» Collected material:
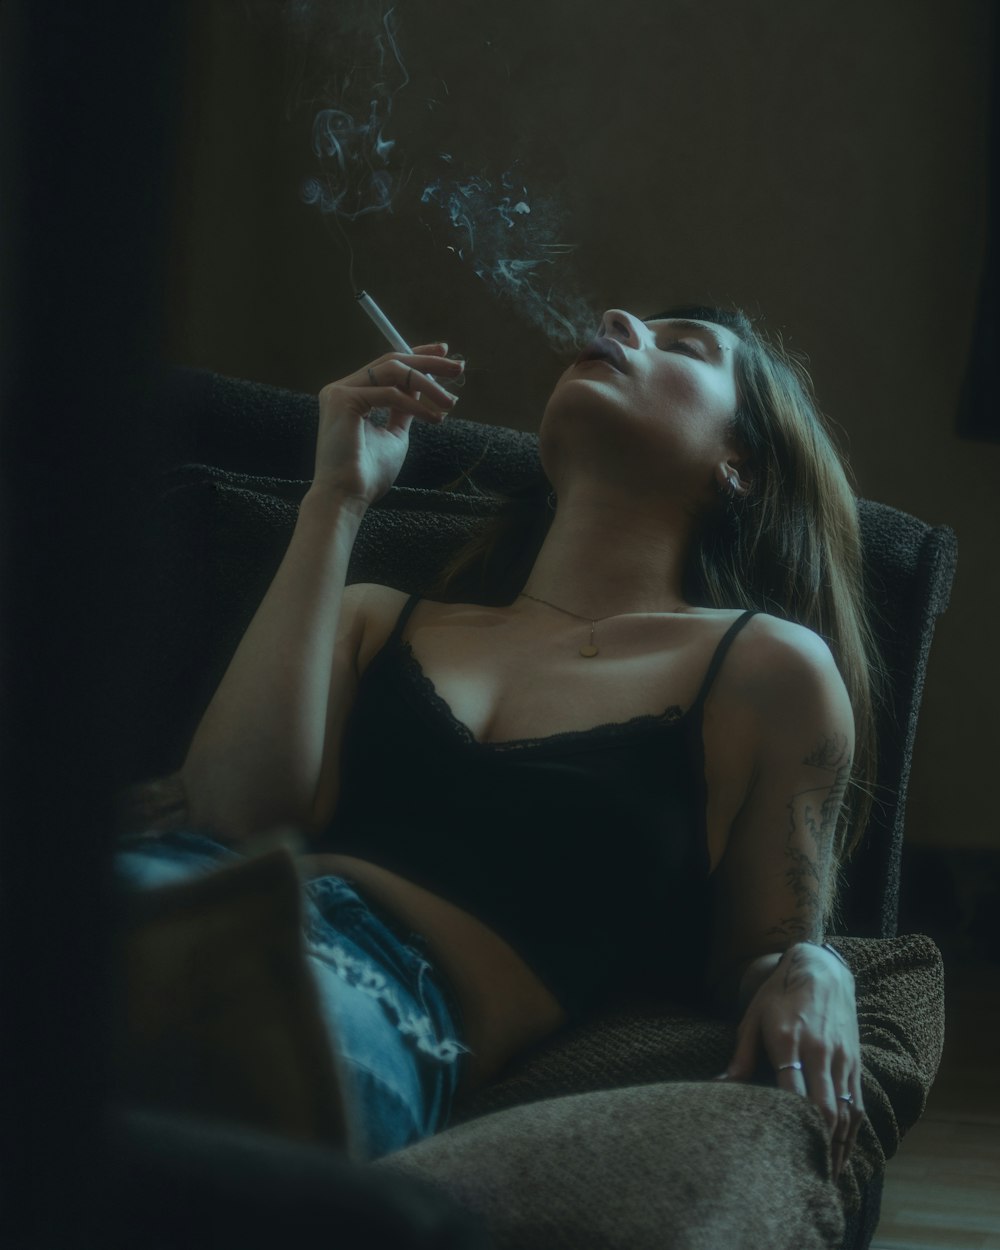 a woman sitting on a couch smoking a cigarette
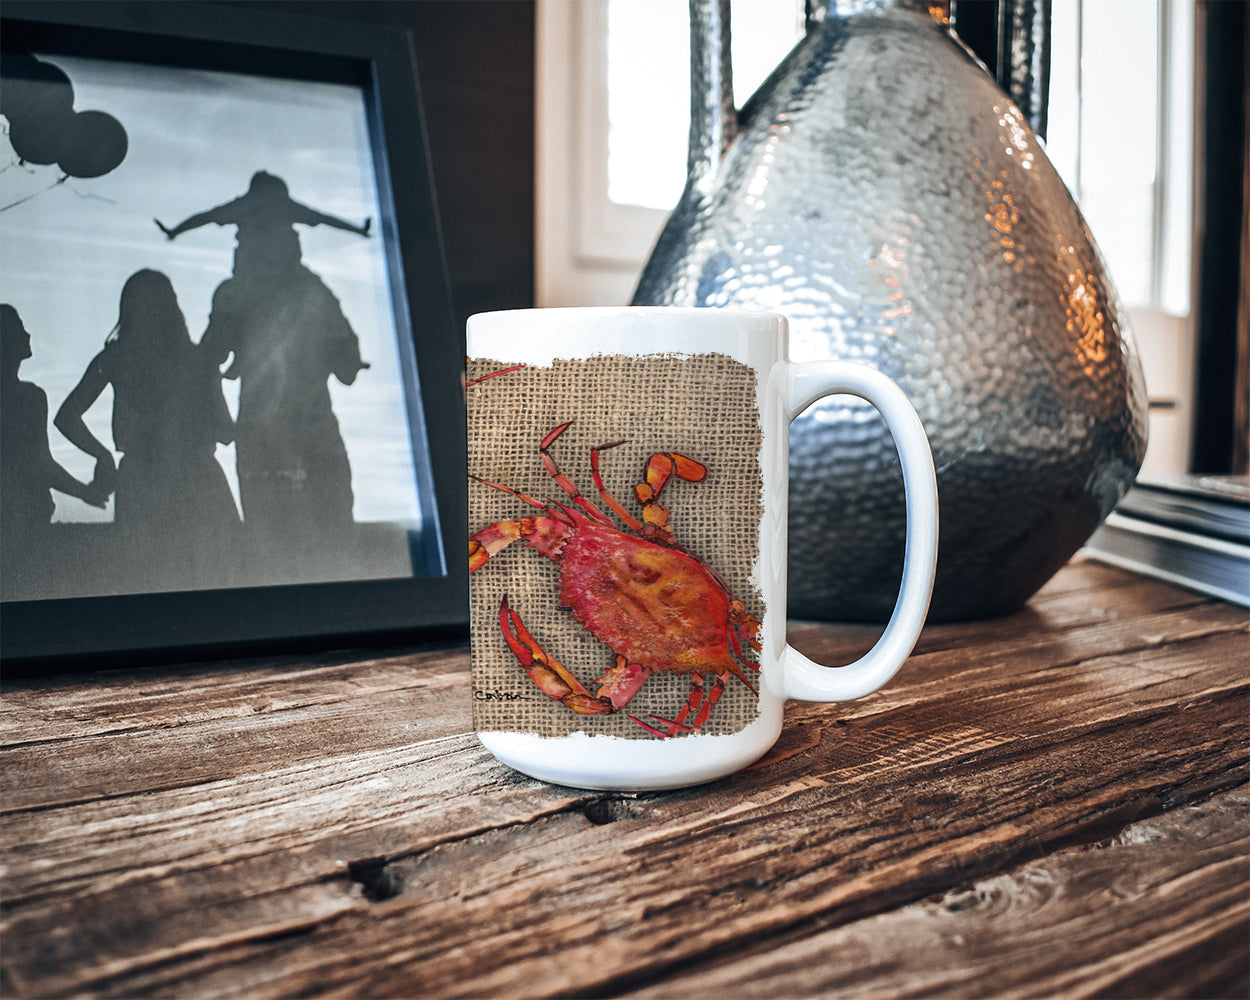 Cooked Crabs on Faux Burlap Dishwasher Safe Microwavable Ceramic Coffee Mug 15 ounce 8742CM15  the-store.com.
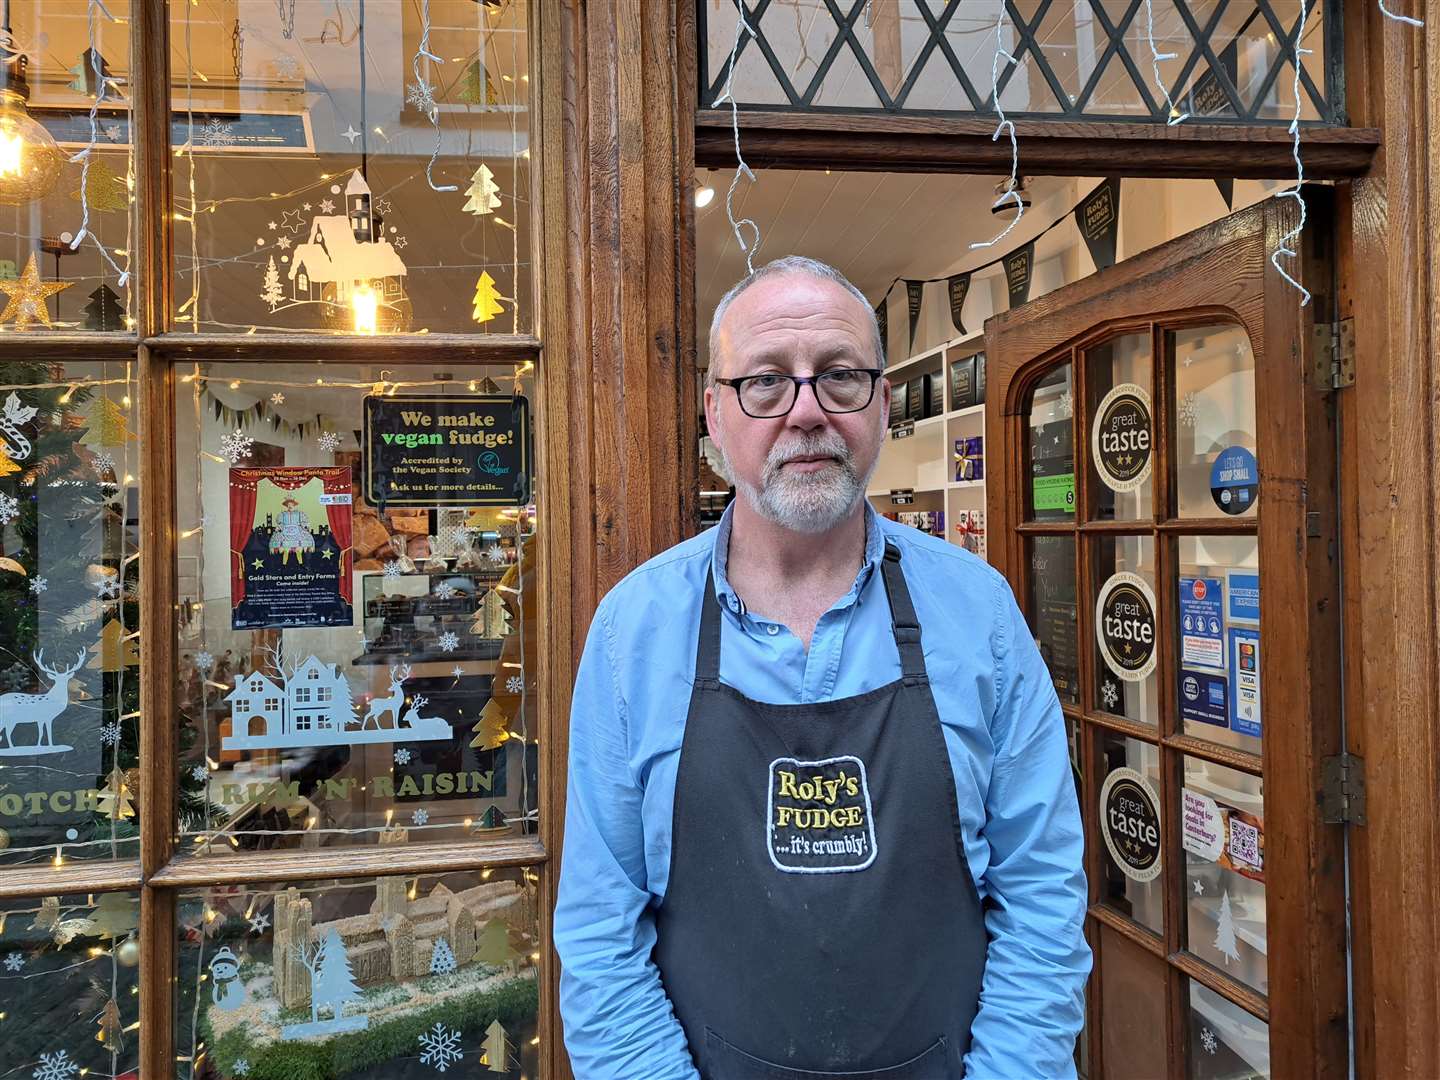 Steve Hamblen of Roly's Fudge Pantry Canterbury was shocked to find broken glass when he arrived to open his shop
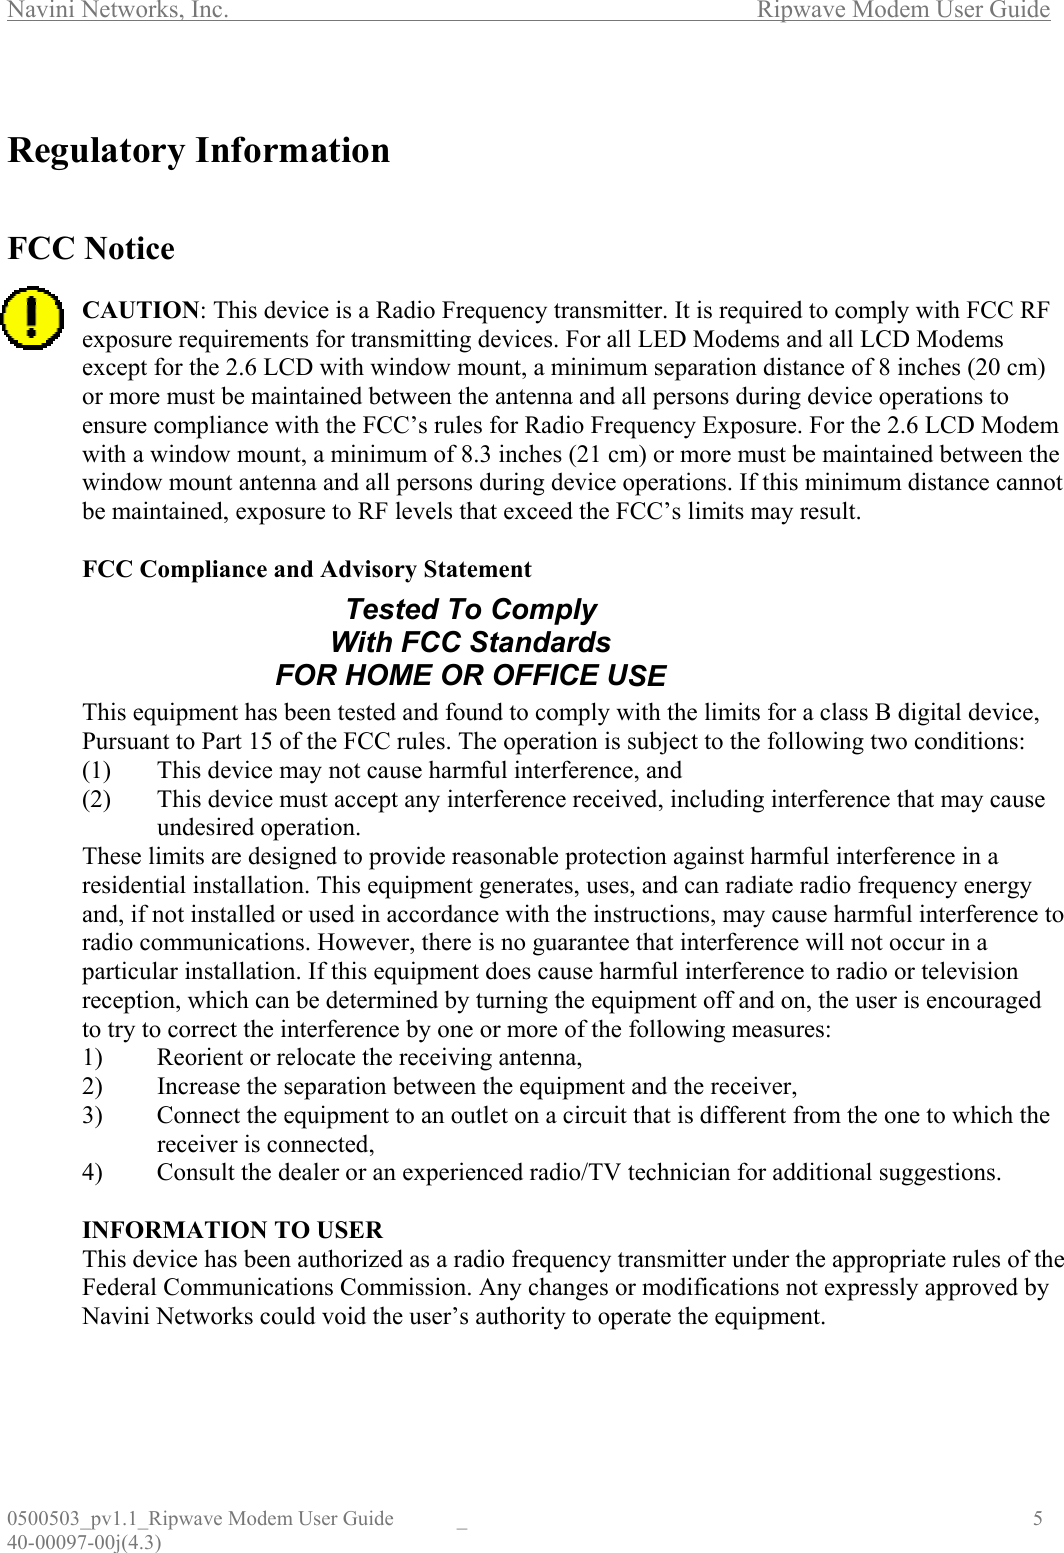 Navini Networks, Inc.        Ripwave Modem User Guide 0500503_pv1.1_Ripwave Modem User Guide  _                                    5 40-00097-00j(4.3)  Regulatory Information   FCC Notice  CAUTION: This device is a Radio Frequency transmitter. It is required to comply with FCC RF exposure requirements for transmitting devices. For all LED Modems and all LCD Modems except for the 2.6 LCD with window mount, a minimum separation distance of 8 inches (20 cm) or more must be maintained between the antenna and all persons during device operations to ensure compliance with the FCC’s rules for Radio Frequency Exposure. For the 2.6 LCD Modem with a window mount, a minimum of 8.3 inches (21 cm) or more must be maintained between the window mount antenna and all persons during device operations. If this minimum distance cannot be maintained, exposure to RF levels that exceed the FCC’s limits may result.   FCC Compliance and Advisory Statement       This equipment has been tested and found to comply with the limits for a class B digital device, Pursuant to Part 15 of the FCC rules. The operation is subject to the following two conditions: (1)  This device may not cause harmful interference, and (2)  This device must accept any interference received, including interference that may cause undesired operation. These limits are designed to provide reasonable protection against harmful interference in a residential installation. This equipment generates, uses, and can radiate radio frequency energy and, if not installed or used in accordance with the instructions, may cause harmful interference to radio communications. However, there is no guarantee that interference will not occur in a particular installation. If this equipment does cause harmful interference to radio or television reception, which can be determined by turning the equipment off and on, the user is encouraged to try to correct the interference by one or more of the following measures: 1)  Reorient or relocate the receiving antenna, 2)  Increase the separation between the equipment and the receiver, 3)  Connect the equipment to an outlet on a circuit that is different from the one to which the receiver is connected, 4)  Consult the dealer or an experienced radio/TV technician for additional suggestions.  INFORMATION TO USER This device has been authorized as a radio frequency transmitter under the appropriate rules of the Federal Communications Commission. Any changes or modifications not expressly approved by Navini Networks could void the user’s authority to operate the equipment. Tested To Comply With FCC Standards FOR HOME OR OFFICE USE

» What you have to do: Retyping should start at the first line of the data above and stop after the line with "Steve Hamblen of", and no picture should be included.

» Answer space:
 a woman sitting on a couch smoking a cigarette
 Cooked Crabs on Faux Burlap Dishwasher Safe Microwavable Ceramic Coffee Mug 15 ounce 8742CM15  the-store.com.
 Steve Hamblen of Roly's Fudge Pantry Canterbury was shocked to find broken glass when he arrived to open his shop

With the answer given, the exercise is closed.